* [Instructions to follow] Your task is to copy the data exactly while leaving out every picture.
** Material provided follows **
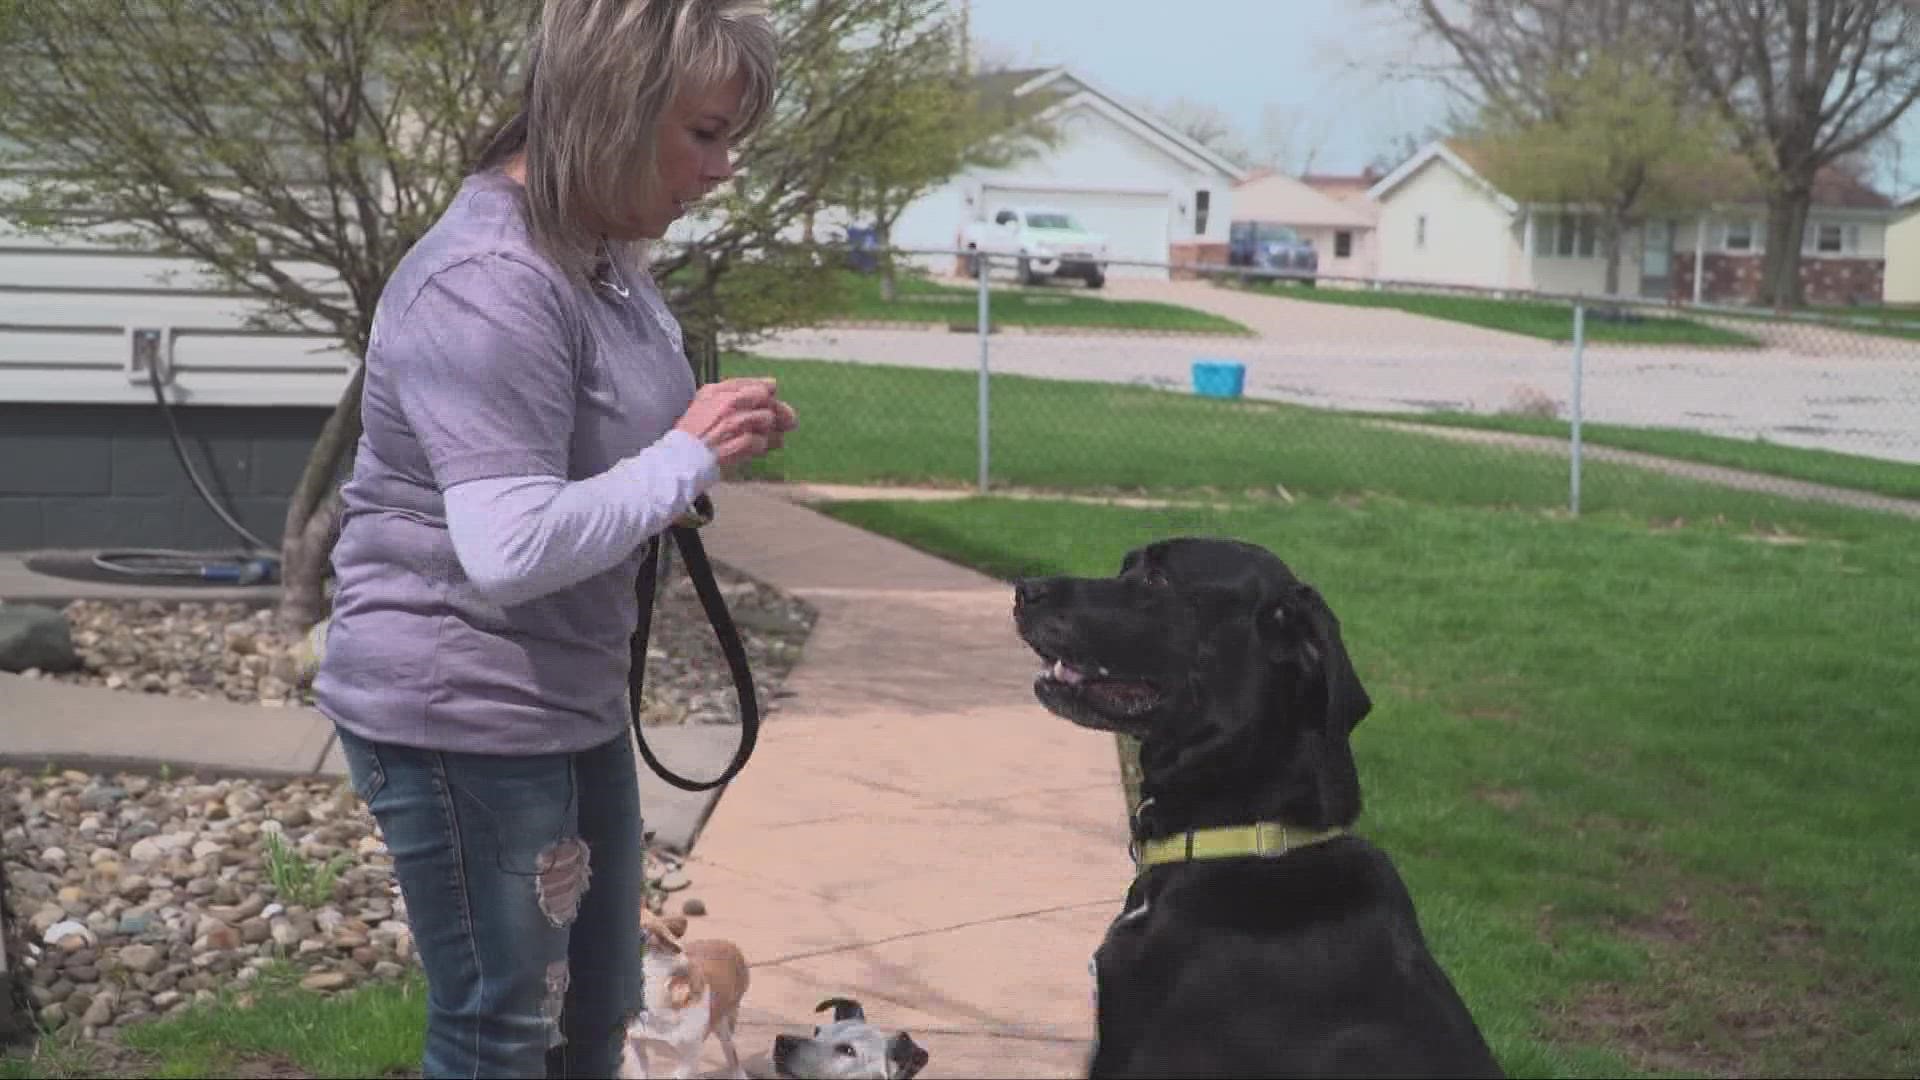 Non-profit Remi's Pet Recovery goes into action when runaway dogs don't come home.
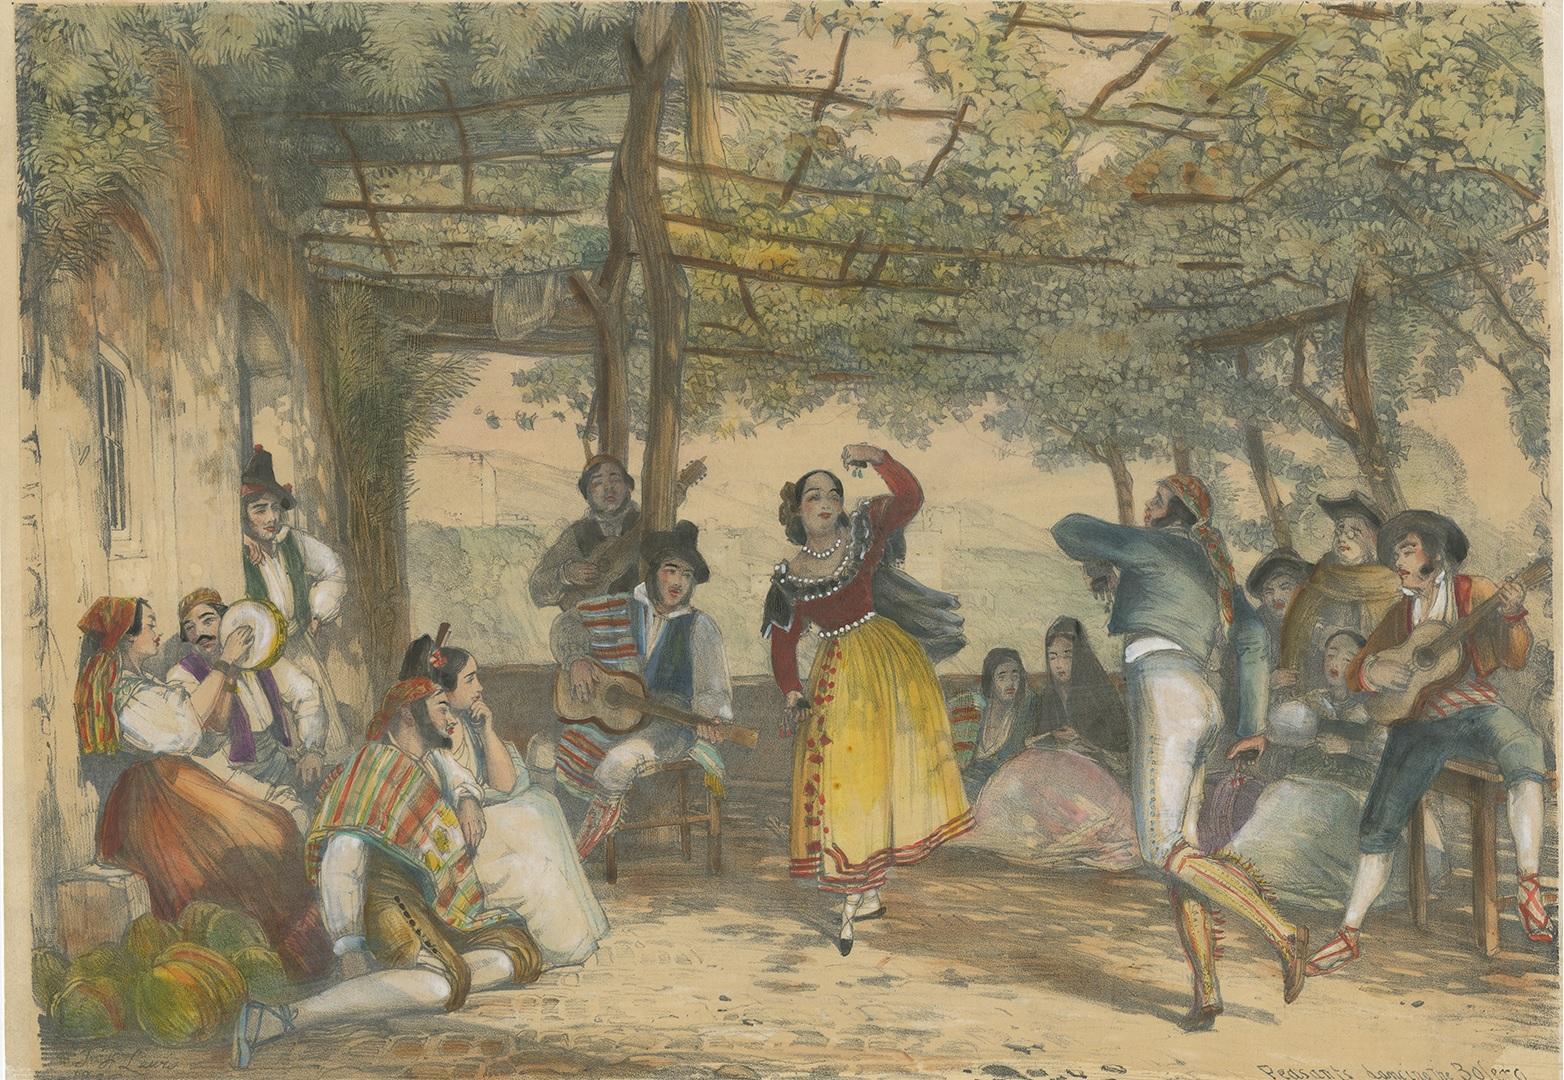 Antique print titled 'Peasants dancing Bolero'. Scene in a courtyard, with a couple of young peasants dancing under a trellis overgrown with grapevine. Tinted lithograph with additional hand-colouring. Frontispiece and first plate in the book
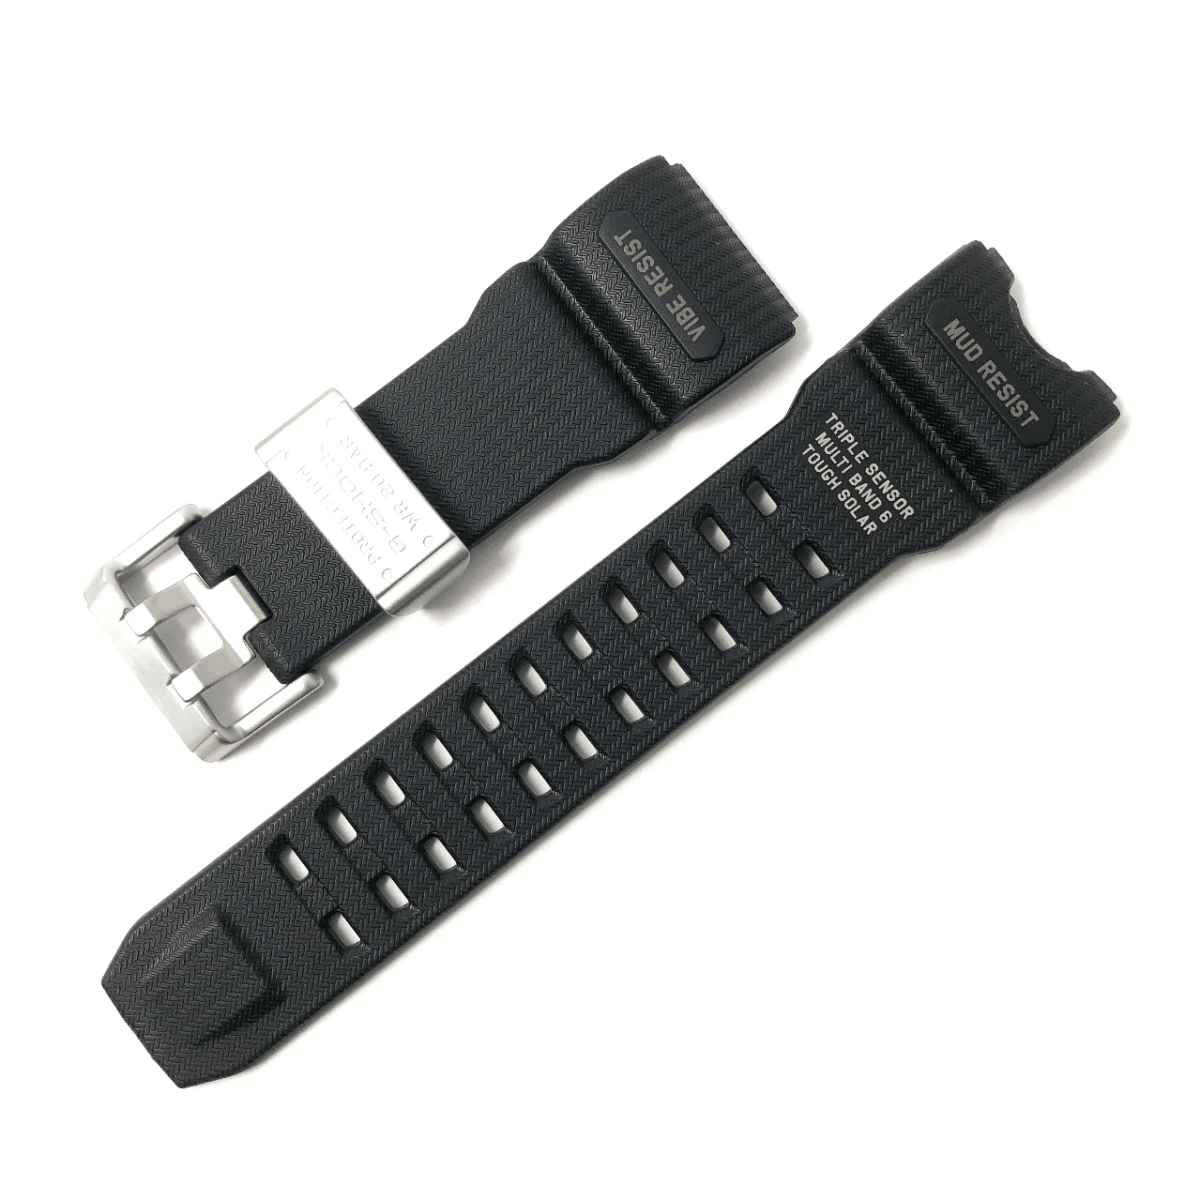 Casio Watch Strap G Shock Genuine Black Replacement 10632705 fits GWG 1000 1A 194509276730 2 - Maddisons UK
** End of Material provided **
* [Solution to the exercise]
 Non-profit Remi's Pet Recovery goes into action when runaway dogs don't come home.
 Antique print titled 'Peasants dancing Bolero'. Scene in a courtyard, with a couple of young peasants dancing under a trellis overgrown with grapevine. Tinted lithograph with additional hand-colouring. Frontispiece and first plate in the book
 Casio Watch Strap G Shock Genuine Black Replacement 10632705 fits GWG 1000 1A 194509276730 2 - Maddisons UK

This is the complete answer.